TML and Generative AI
=================
TML uses privateGPT containers (discussed below) for secure, fast, and distributed, AI.
.. attention::
#. **These containers are dependent on the NVidia GPU cards up to 5090.**
#. Containers are compatible with CUDA versions upto 12.8.

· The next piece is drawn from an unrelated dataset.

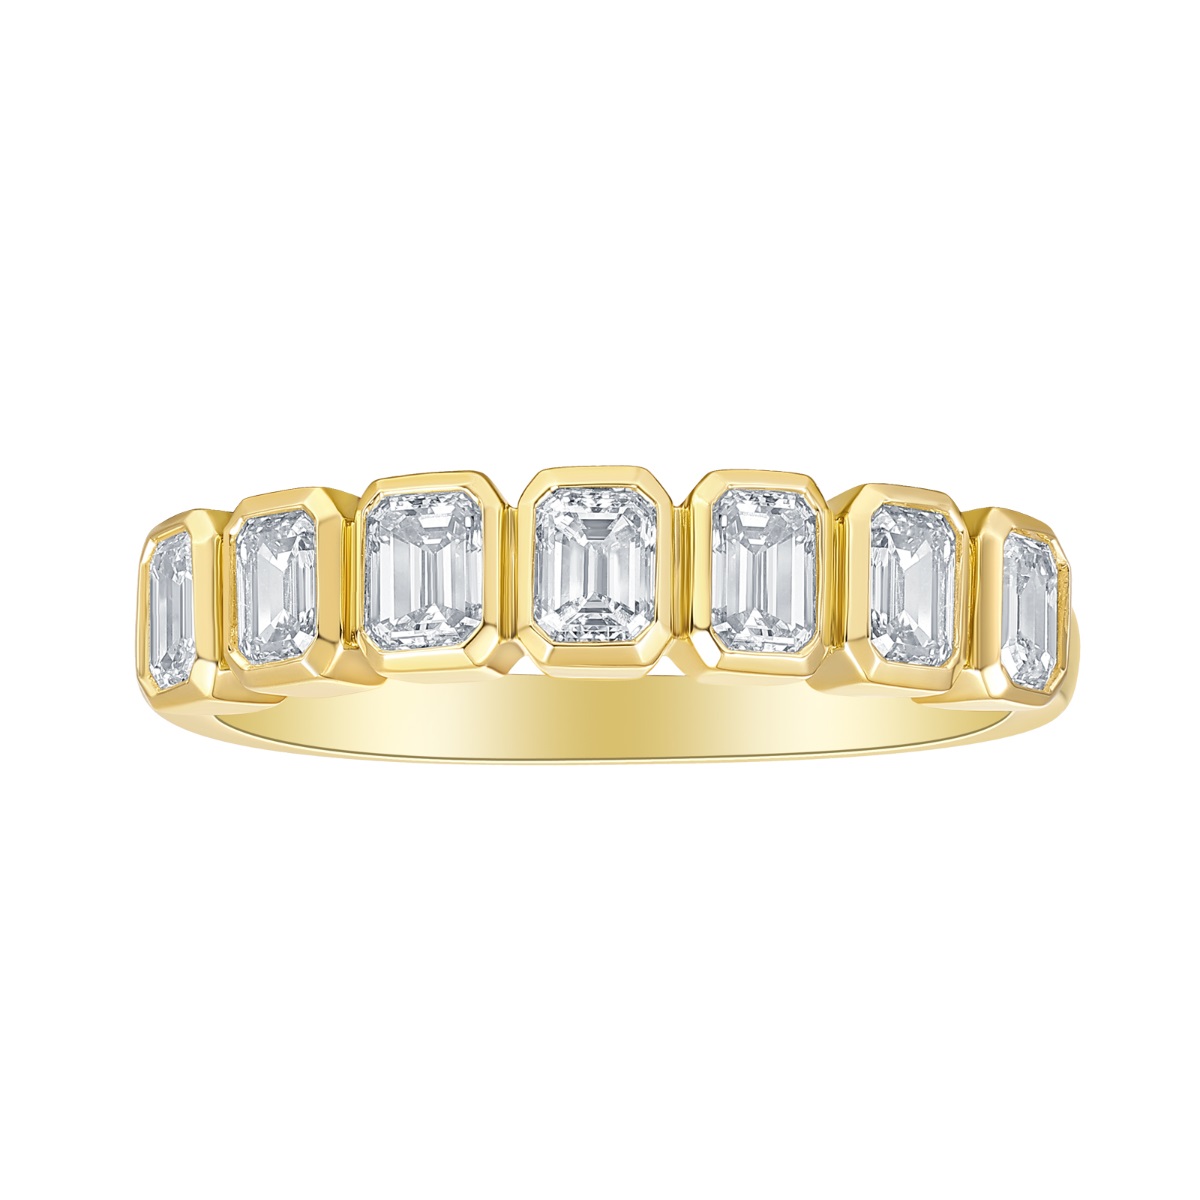 R36971WHT – 18K Yellow Gold Diamond Ring, 1.12 TCW

#. Containers will run on AMD64 and ARM64 chip architectures.
#. They also require `Qdrant Vector DB `_
- Here is the Qdrant Docker Run Command to Install Qdrant Vector DB locally with TML integration:
.. code-block::
docker run -d -p 6333:6333 -v $(pwd)/qdrant_storage:/qdrant/storage:z qdrant/qdrant
.. note::
TML Solution developers have several privateGPT container options. These range from the small to large models with varying GPU memory requirements.
These models and containers are listed in the table below.
.. tip::
These models all follow a llama2 prompt style. See `here `_ for more details.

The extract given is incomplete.